全國步槍協會的廣告則採用了稍微不同的視覺策略。這個廣告由全國步槍協會發言人和脱口秀評論員達娜·洛什講述,她列出了一系列對一個未具名的“他們”的指控:
他們利用媒體來暗殺真實新聞。他們利用學校教孩子們他們的總統是另一個希特勒。他們利用電影明星、歌手、喜劇節目和頒獎典禮不斷重複他們的敍述。
在此背景下,我們看到洛杉磯的沃爾特·迪士尼音樂廳(由弗蘭克·蓋裏設計)、紐約時報大樓(由皮亞諾設計)以及芝加哥千禧公園的大型雕塑“雲門”,更廣為人知的是“豆子”(由藝術家阿尼什·卡普爾創作)的快速影像。

我們從未被告知“他們”是誰,但鏡頭清楚地表明:“他們”是那些在洛杉磯和芝加哥的自由派人士,他們在華麗的公園和建築中游蕩。
或許全國步槍協會對迪士尼音樂廳和雲門的描繪只是一個方便的B-roll選擇,也許沃森對現代設計的敵意是一種個人怪癖。但更有可能的是,極右翼的某些元素故意將建築作為特朗普時代文化戰爭的一個前線。為什麼?

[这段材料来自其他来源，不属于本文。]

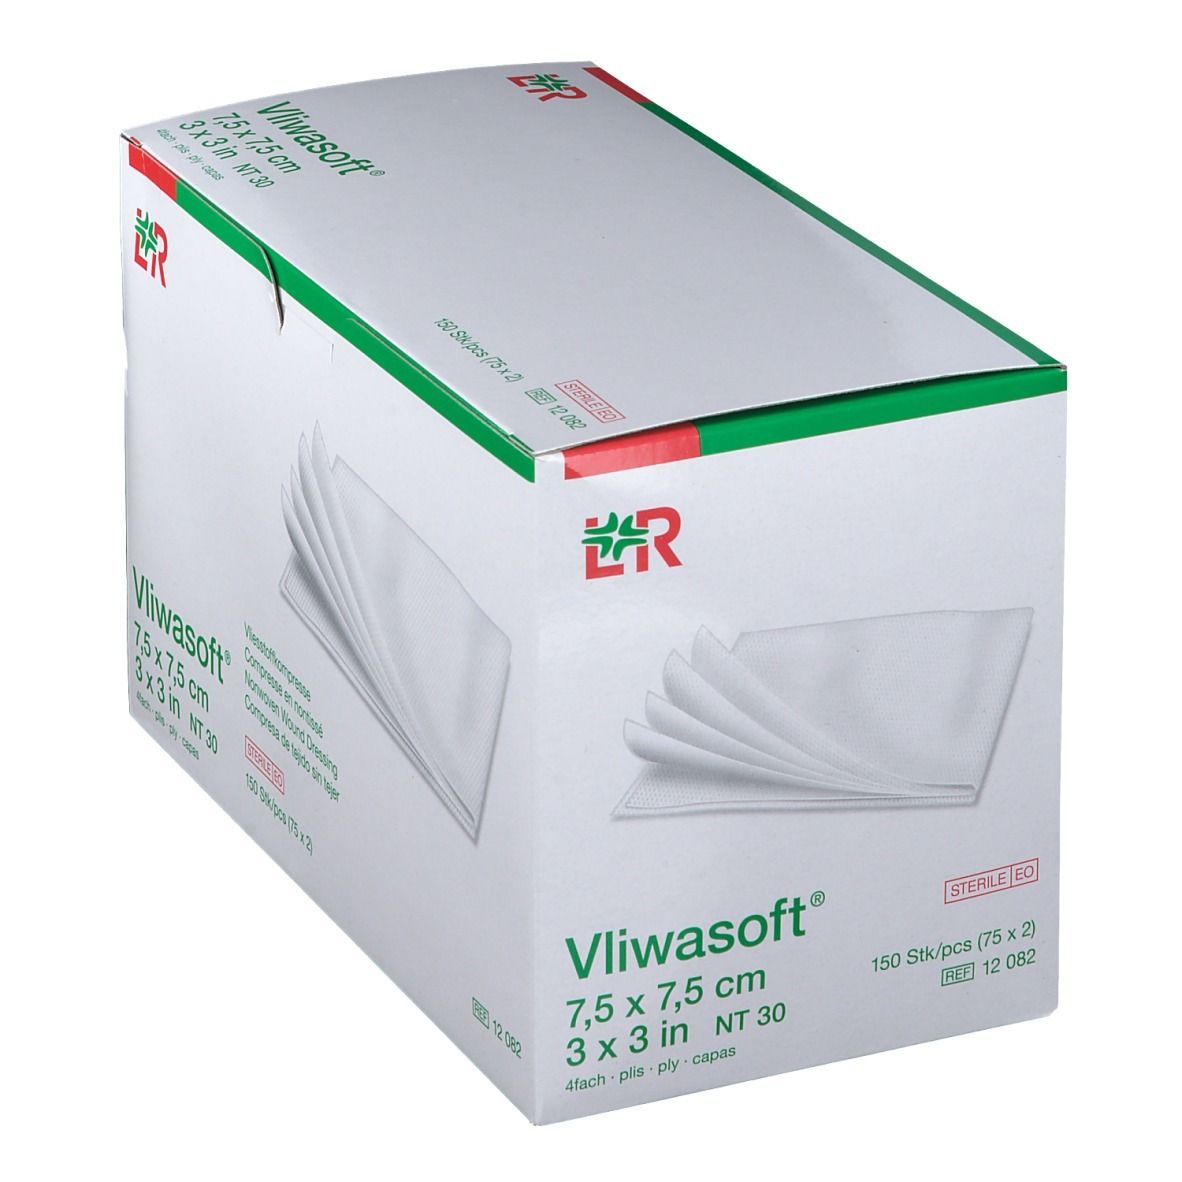 Vliwasoft® Vliesstoffkompresse 7,5 cm x 7,5 cm 4lagig steril

在某種程度上,這並沒有什麼新鮮事:有着悠久的保守傳統來剖析現代主義,年輕的保守派可以從中學習和挖掘。在過去,這種批評的載體是雜誌或報紙專欄以及偶爾的電視節目。但互聯網視頻為業餘評論家打開了大門,使得可以跳過文本描述,直接切入到冒犯的建築本身。
作為一種視覺藝術形式,建築顯然適合於視頻。有什麼比在自由大都市的中心指向一座弗蘭克·蓋裏建築更簡單、更快捷的方式來暗示“城市精英”呢?在一兩秒鐘內,它可以被框定為老式主街或歷史教堂的象徵性對立面——一個奇異外觀的堡壘,在那裏“他們”享受世俗的高文化,遠離真實的美國(或英國的脱歐心臟地帶)。
有什麼比在自由大都市的中心指向一座弗蘭克·蓋裏建築更簡單、更快捷的方式來暗示“城市精英”呢?這種描述顯然過於簡單和不公平,就像Infowars將布魯塔利主義歸咎於倫敦的格倫費爾火災 完全錯誤。但這並不意味着這個想法不會被接受。在過去幾年中,保守派攻擊弗蘭克·蓋裏的設計,稱其為“非人道”、“破壞行為”,以及 蓋裏自我的紀念碑;這些論點贏得了一些共和黨國會議員的支持,並幫助拖延了紀念館的建設。
與沃森相反,公眾並不討厭現代主義:看看有多少20世紀的設計出現在 這份民意調查名單中,都是國家的最愛。但不幸的真相——以及極右翼重新發現建築的另一個可能原因——是進步建築是一個方便的出氣筒,因為它的選民基礎很小。
美國的建築師數量約為110,000,如果算上正在獲得執照的初級建築師,則約為150,000。這與國家的律師和醫生相比只是一個小部分。這個行業也偏向城市和藍州,設計師(及其更大膽的創作)集中在紐約、波士頓、洛杉磯和芝加哥等中心城市。這與城市與鄉村之間的分歧敍事非常契合。
美國建築師常常感嘆他們的職業在國家文化中變得多麼邊緣化,相較於那些在公共設計上投入大量資金的國家。好吧,建築在美國可能突然準備迎接新的政治相關性——但這並不是其倡導者曾經想象或希望的那種。